LOPI Answer, heating 1200 sq ft


----------



## MishMouse (Dec 28, 2009)

Harman TL300


----------



## darren_nh (Dec 28, 2009)

Vermont Castings Dutchwest Medium Cast Iron Non-Cat with blower


----------



## Gilligan (Dec 28, 2009)

wigglesworth said:


> A late 70's Ember Hearth insert. It does great, until temps drop below 20. Then you really have to keep her hot.

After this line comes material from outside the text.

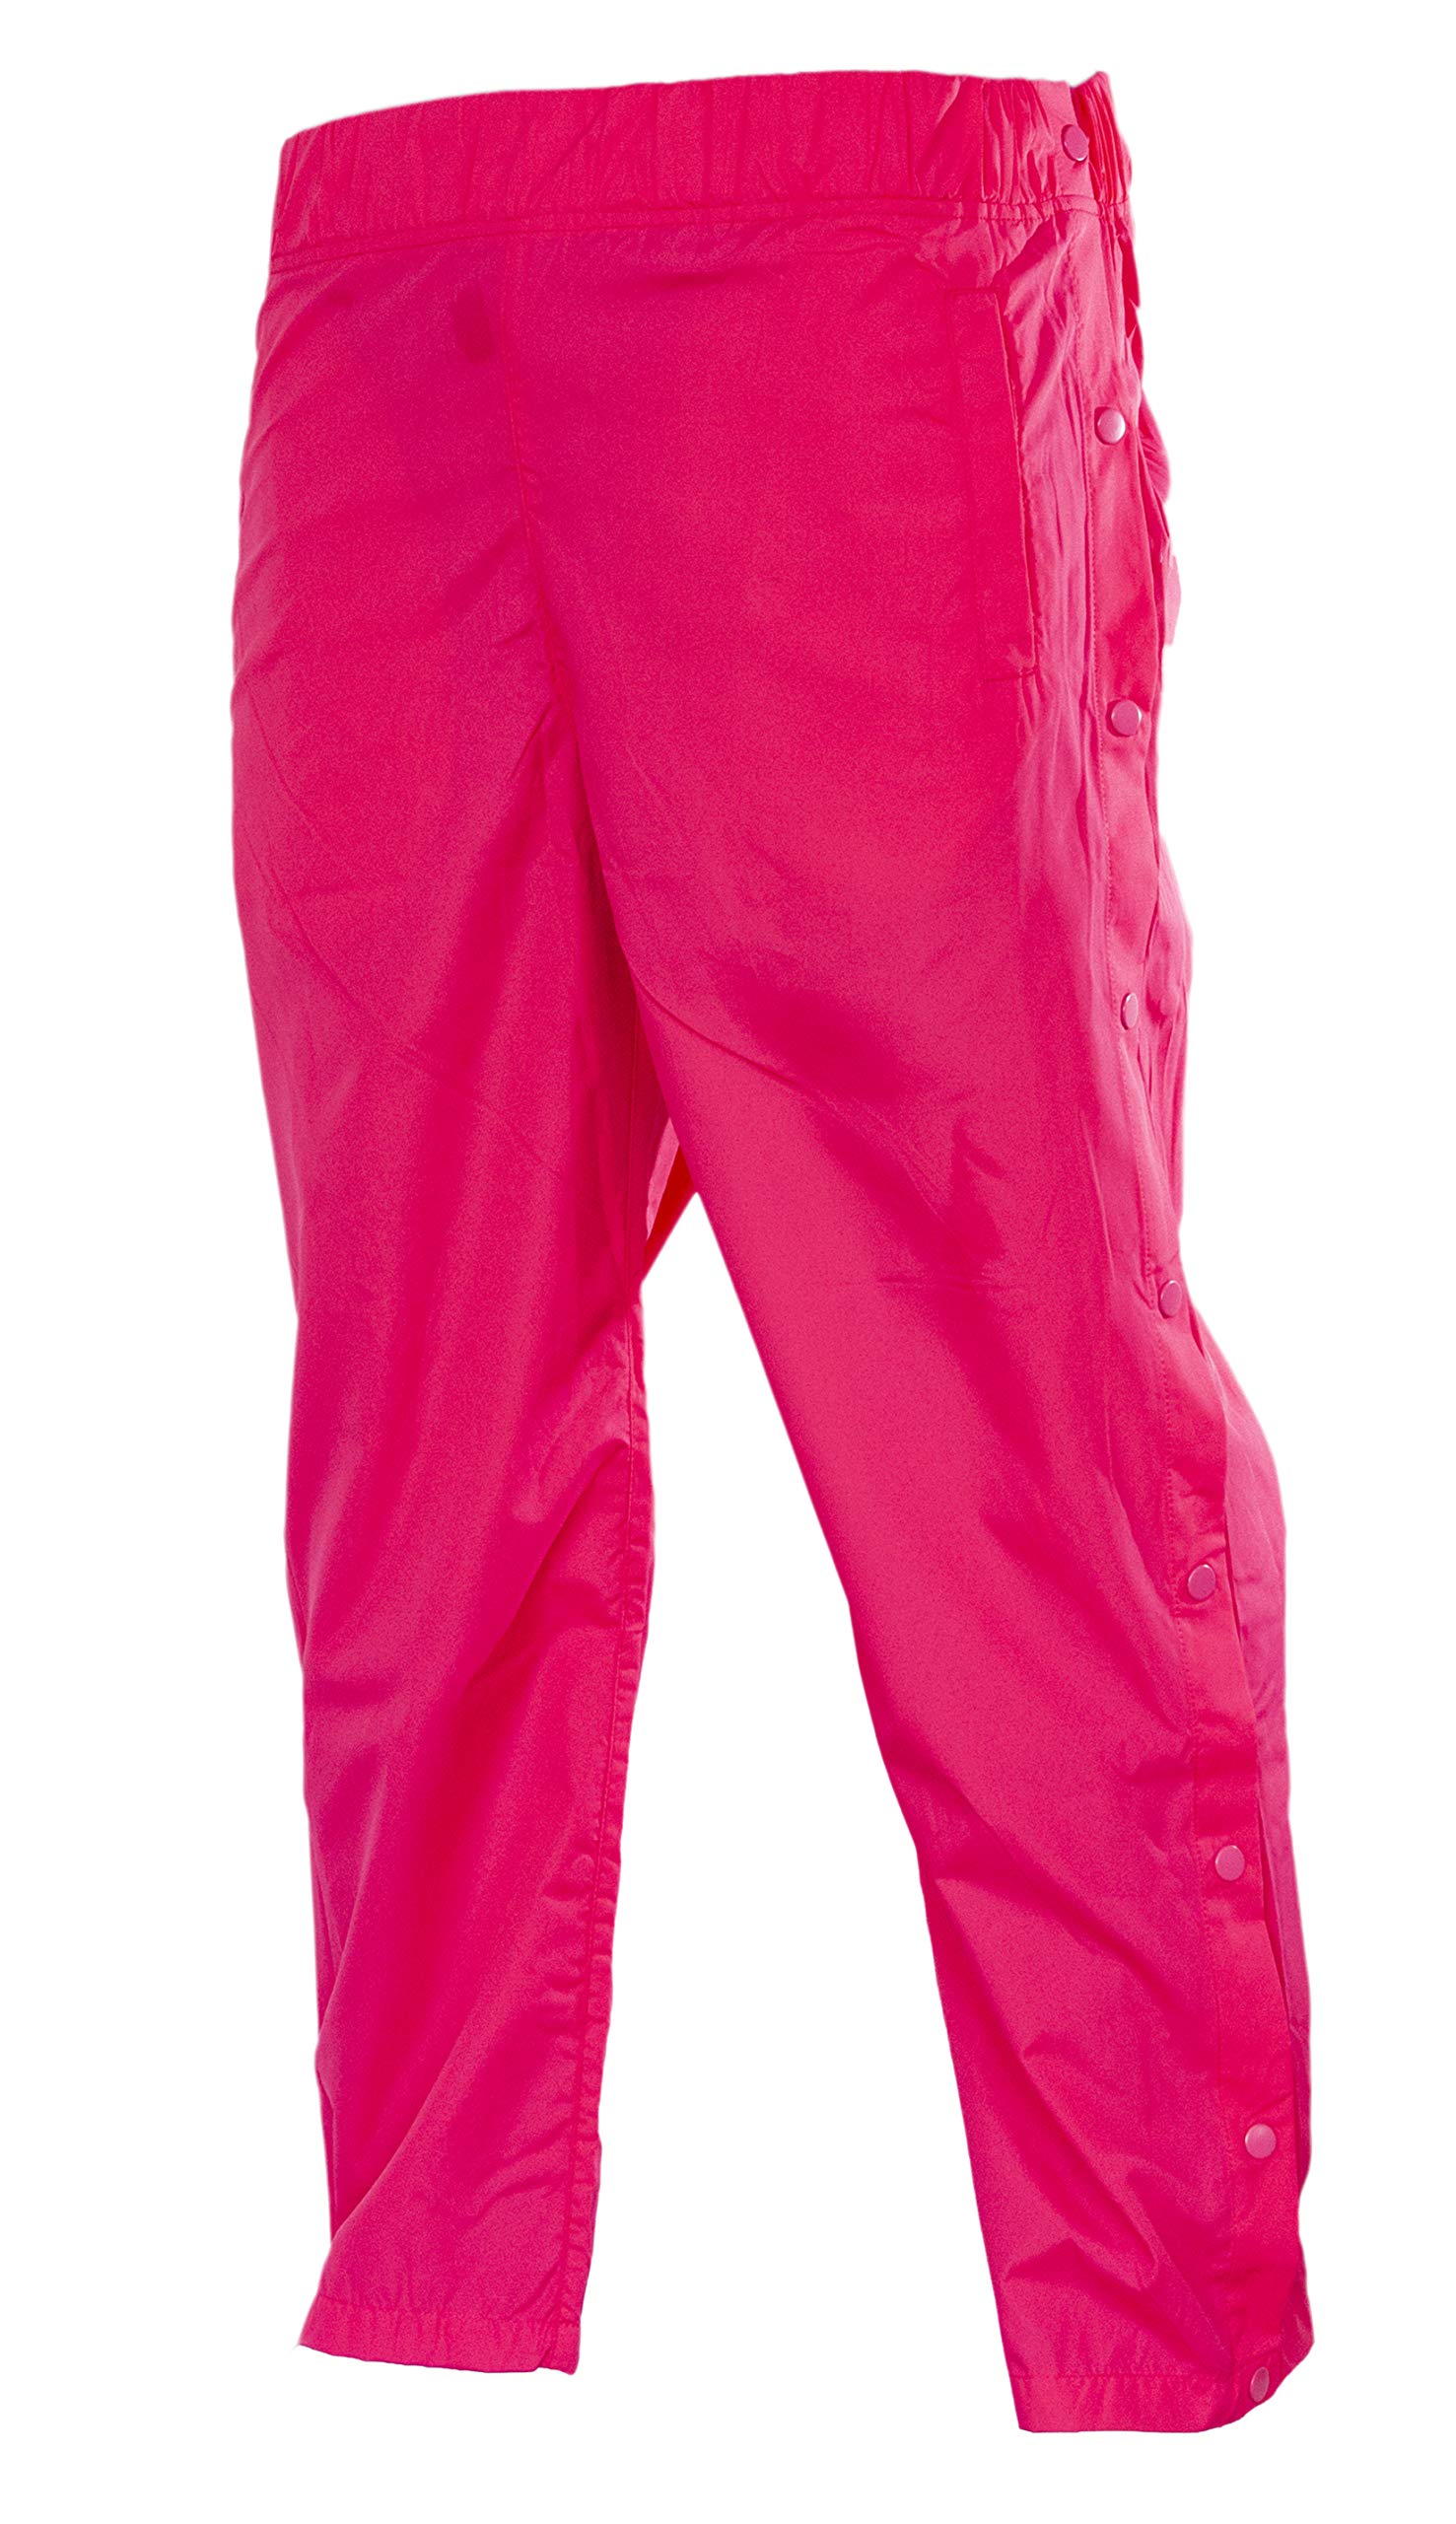 Retro Windbreaker Pants Funny Guy Mugs Tearaway Pants Premium Breakaway Pants

Thats exactly what I have. Same exact stove.


----------



## merlynr (Dec 28, 2009)

Here's my Firechief wood furnace in the basement which replaced a woodchuck stove that had a plenum similar to the furnace only smaller


----------



## Richard_ (Dec 28, 2009)

Pacific Energy Pacific , heats 1200 sq ft nicely


----------



## Nosmo (Dec 29, 2009)

Here's what keeps me warm. It is an Englander which takes 16" wood . It is a 1993 model.

Nosmo


----------



## logbutcher (Dec 29, 2009)

jimdad07 said:


> Yeah I am. There are a few videos on youtube that say logbutcher productions, when I saw your name here I was curious if it was the same person.



NO. :monkey:

Don't do YouTube. Don't Twit. Don't produce productions. Who the H am I ? They stole the identity.


----------



## sthomas77 (Dec 29, 2009)

We have a mid-80's Avalon...equivalent to the pendleton, with a slightly larger firebox.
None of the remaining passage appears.